_Data block_
◇ ◇ ◇ ◇ ◇ ◇ ◇

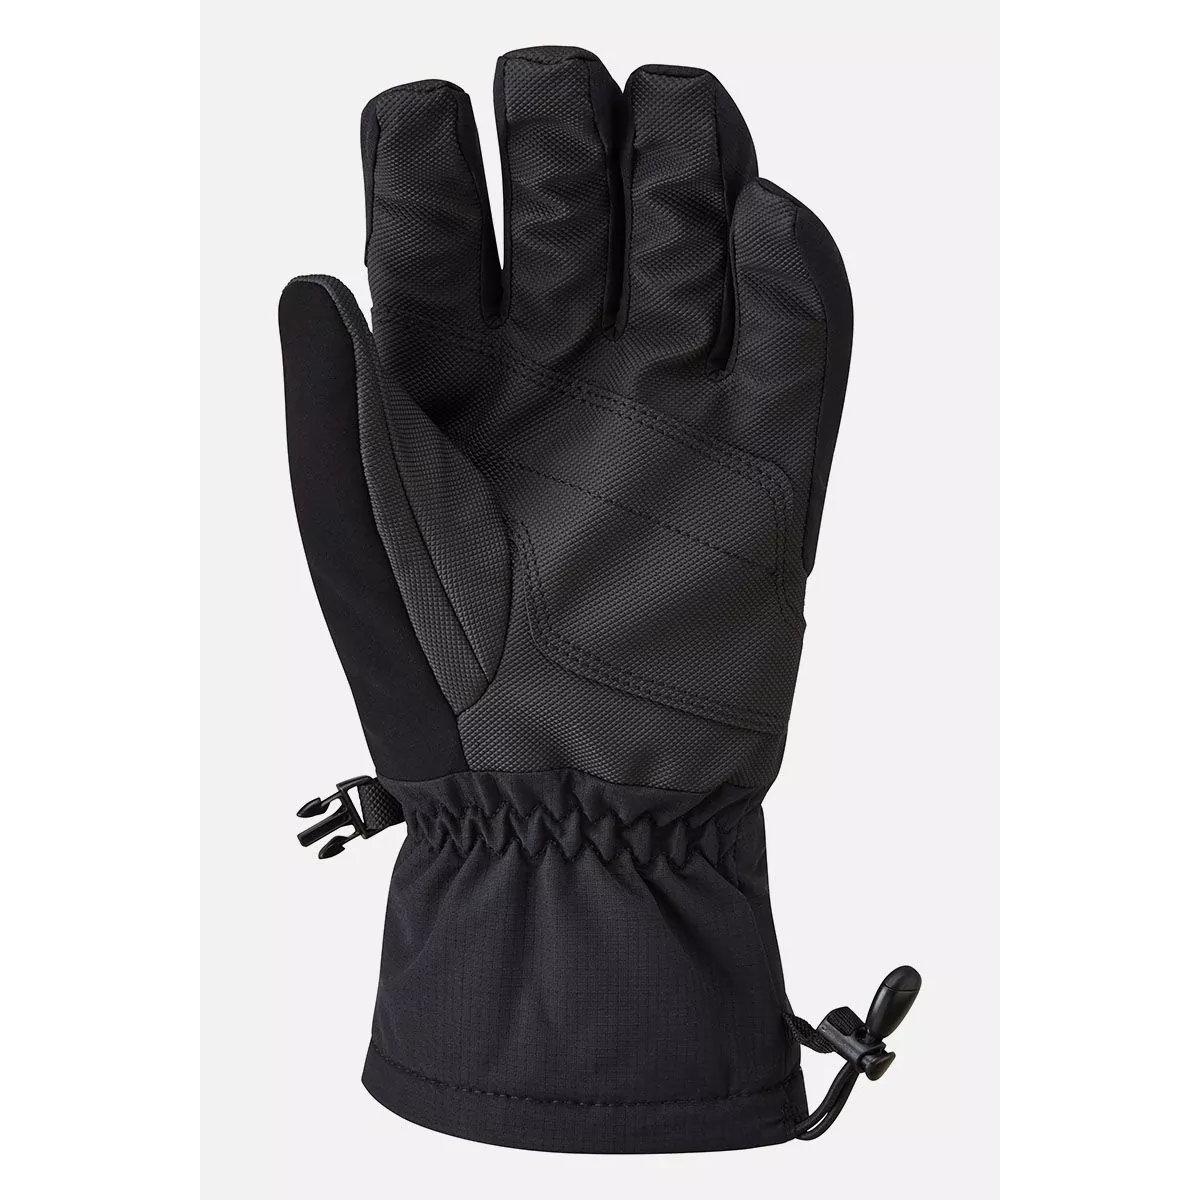 Rab Women's Storm Glove - Black
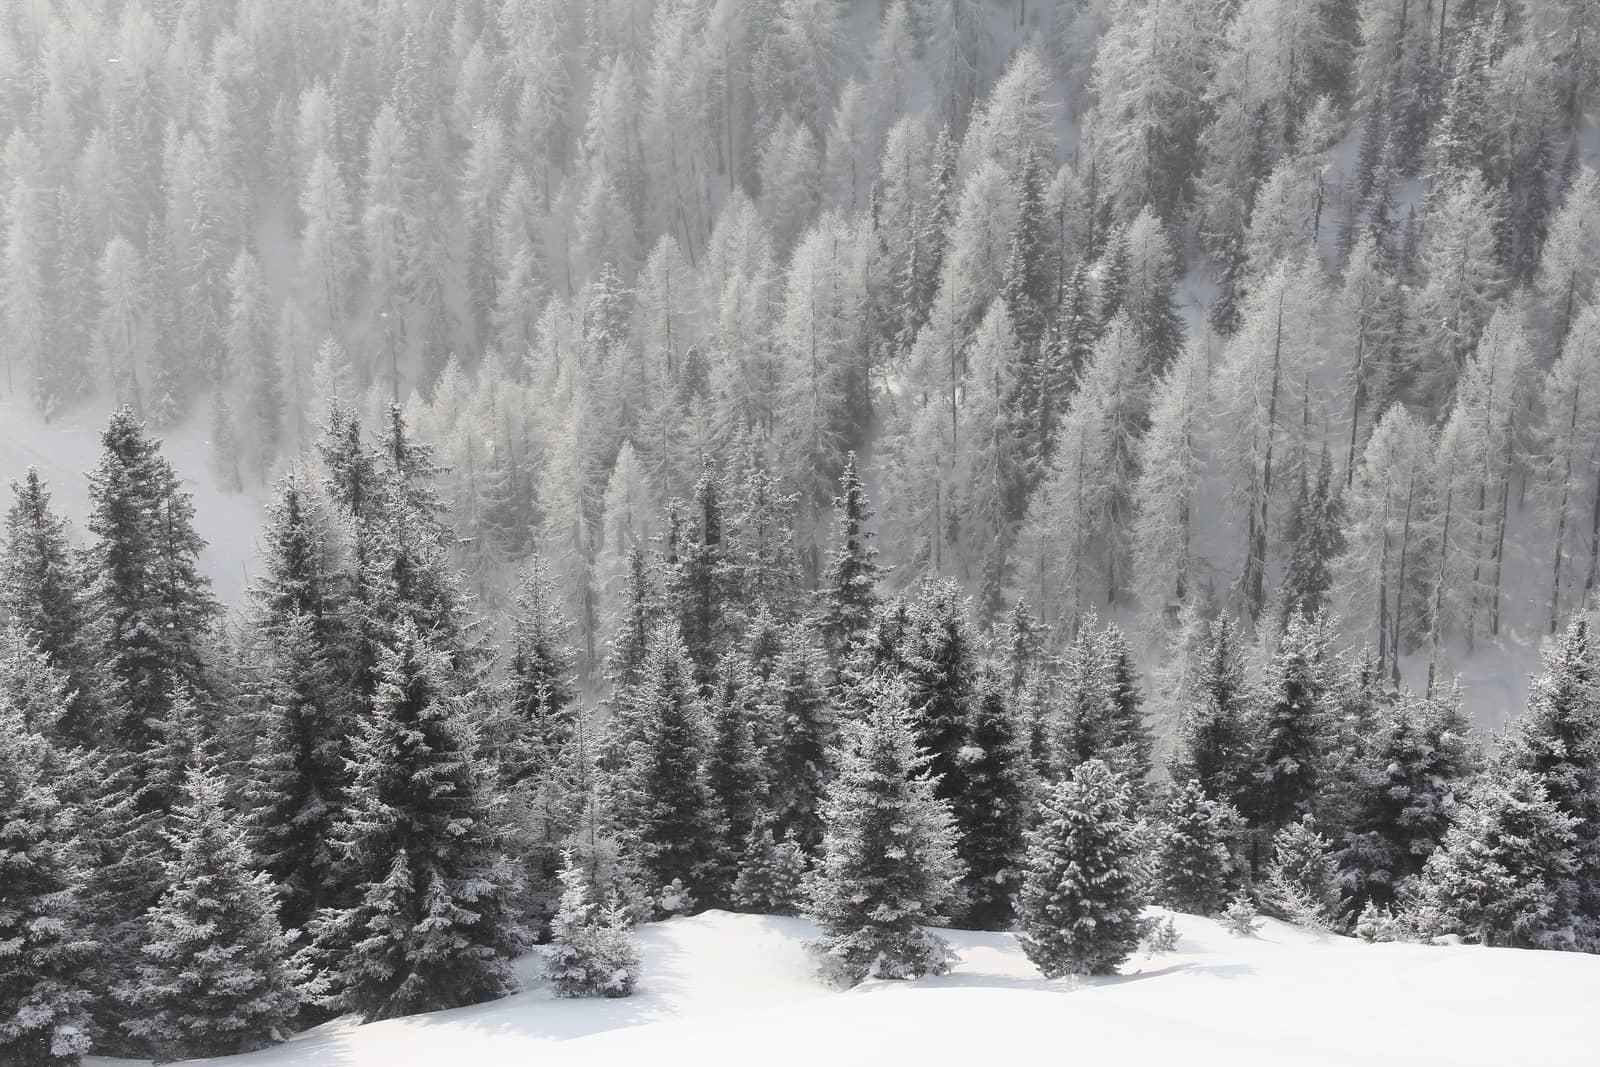 Winter mountain forest by destillat
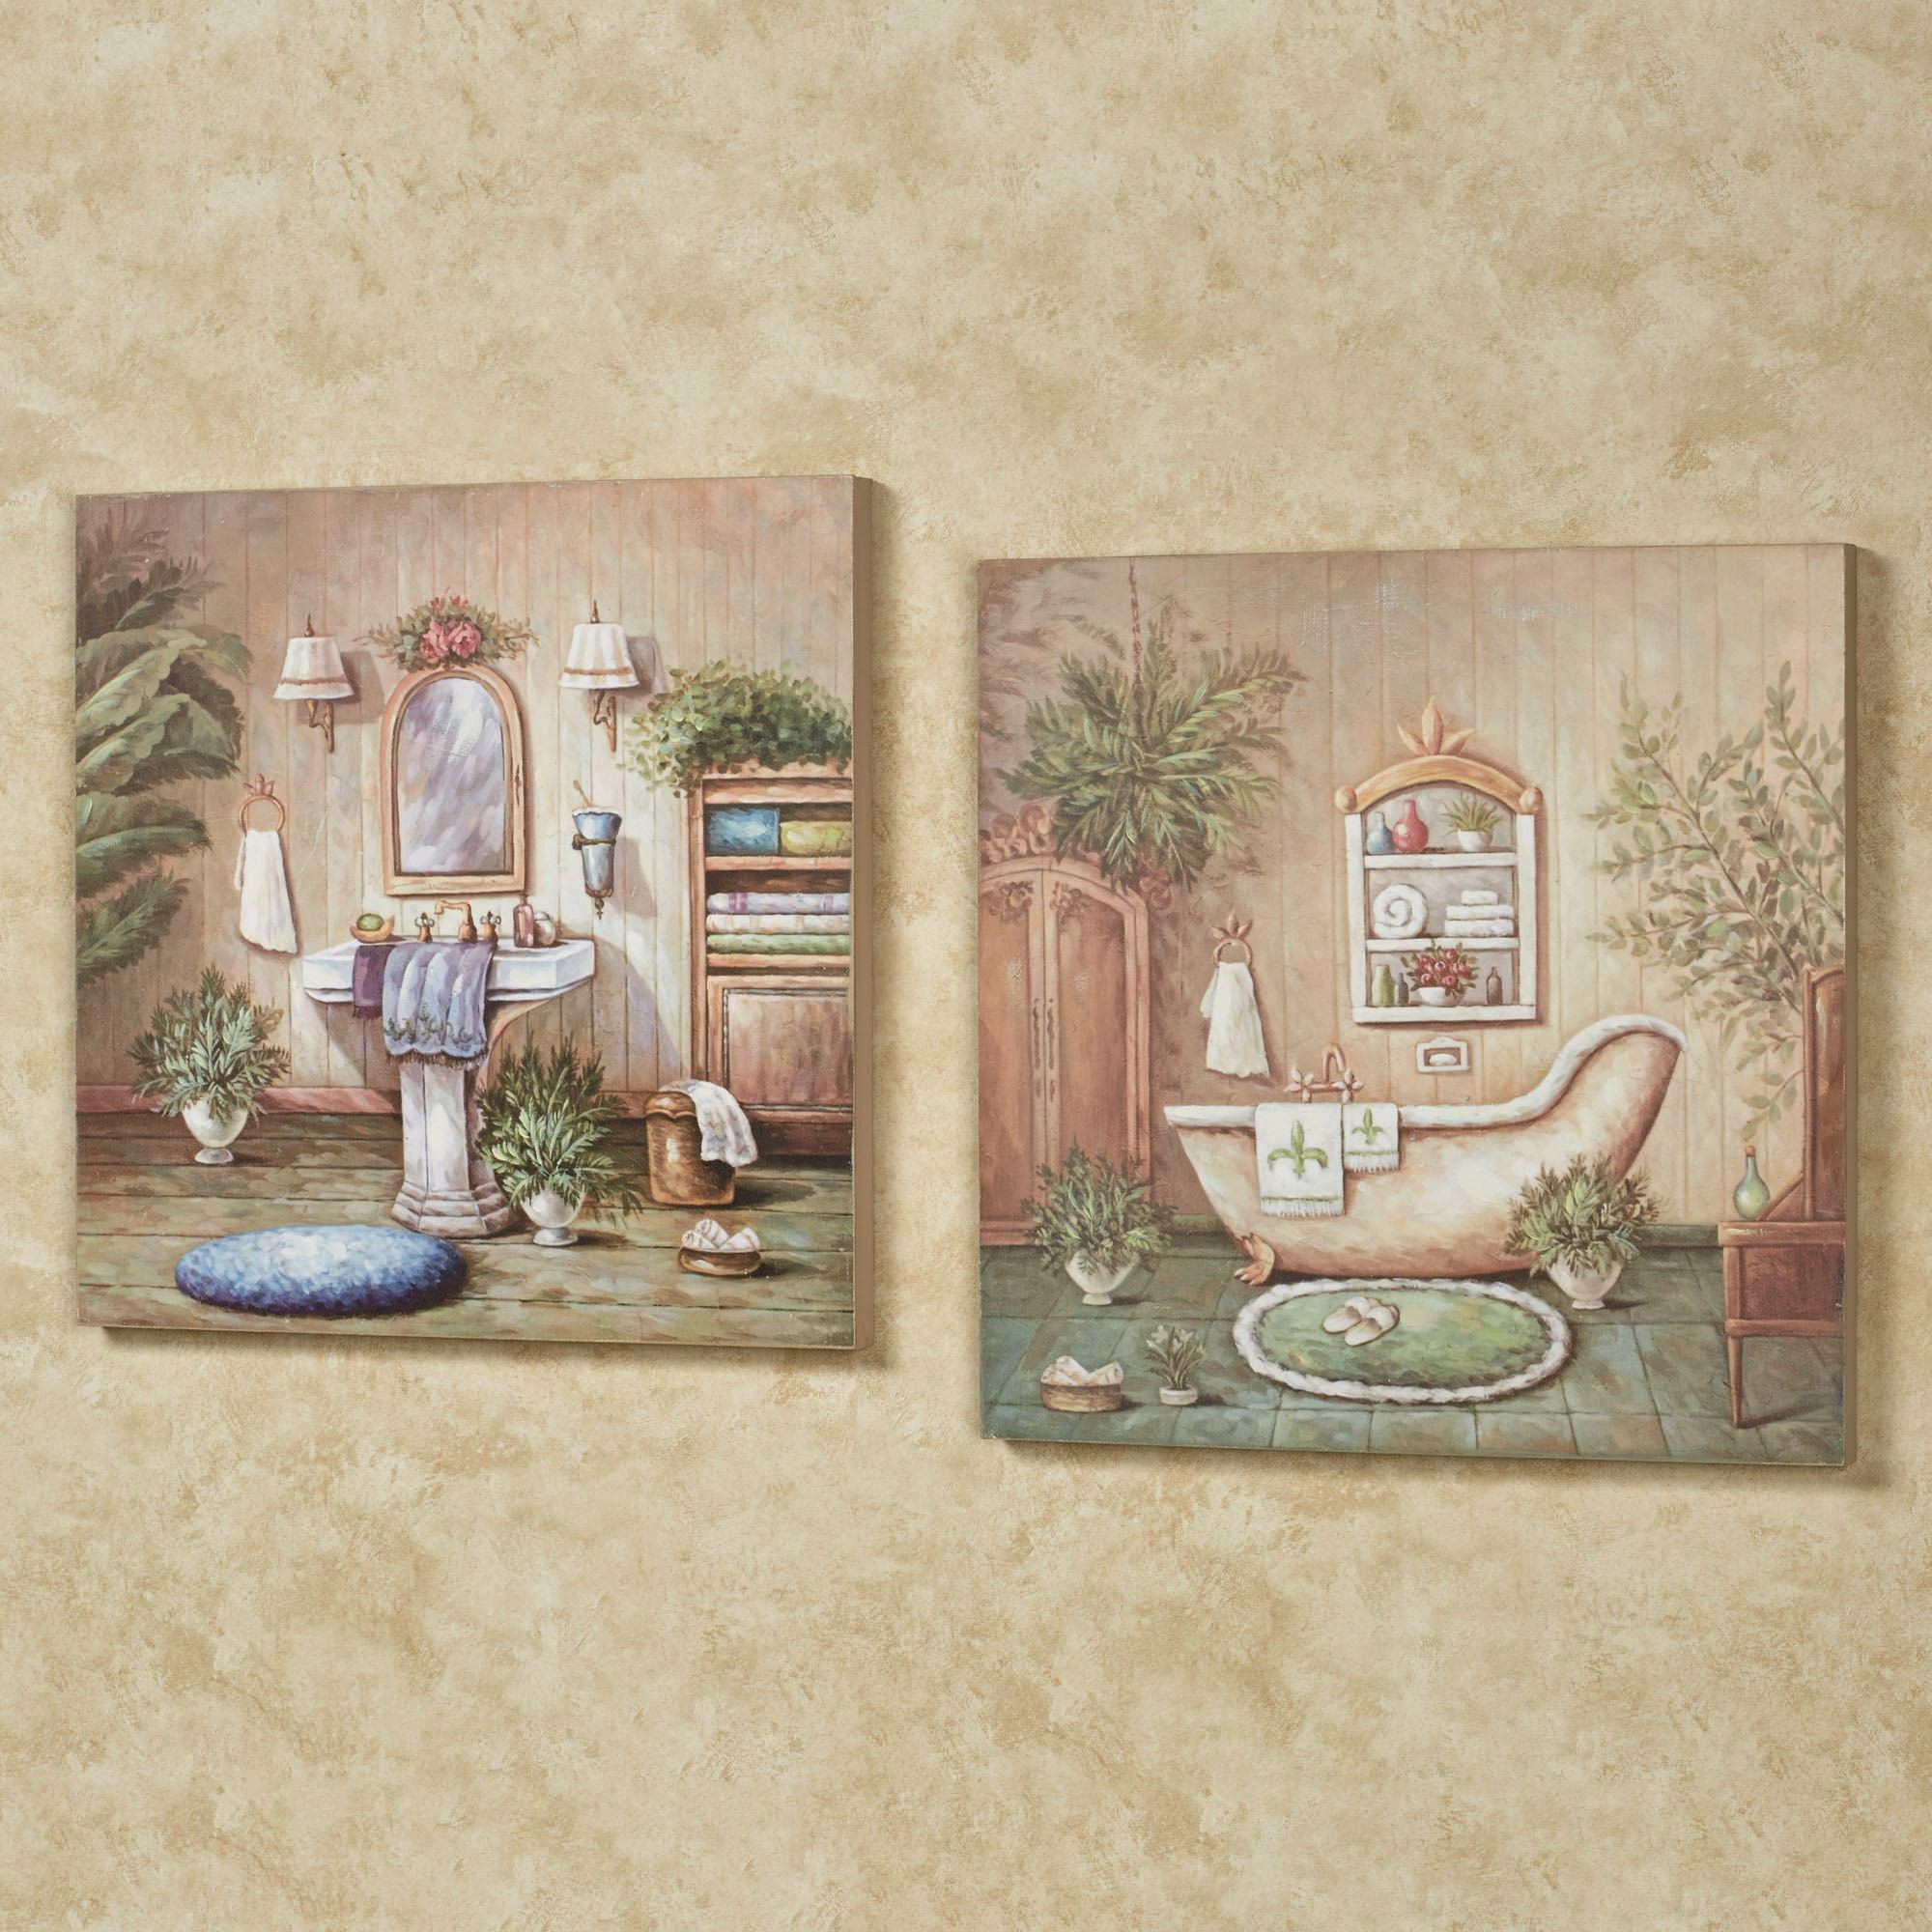 Artwork For Bathroom Walls
 Blissful Bath Wooden Wall Art Plaque Set

◇ ◇ ◇ ◇ ◇ ◇ ◇

_Requirement_
With the pictures removed, set down the entire listing exactly.

_Task output_
 Rab Women's Storm Glove - Black
 Winter mountain forest by destillat
 Artwork For Bathroom Walls
 Blissful Bath Wooden Wall Art Plaque Set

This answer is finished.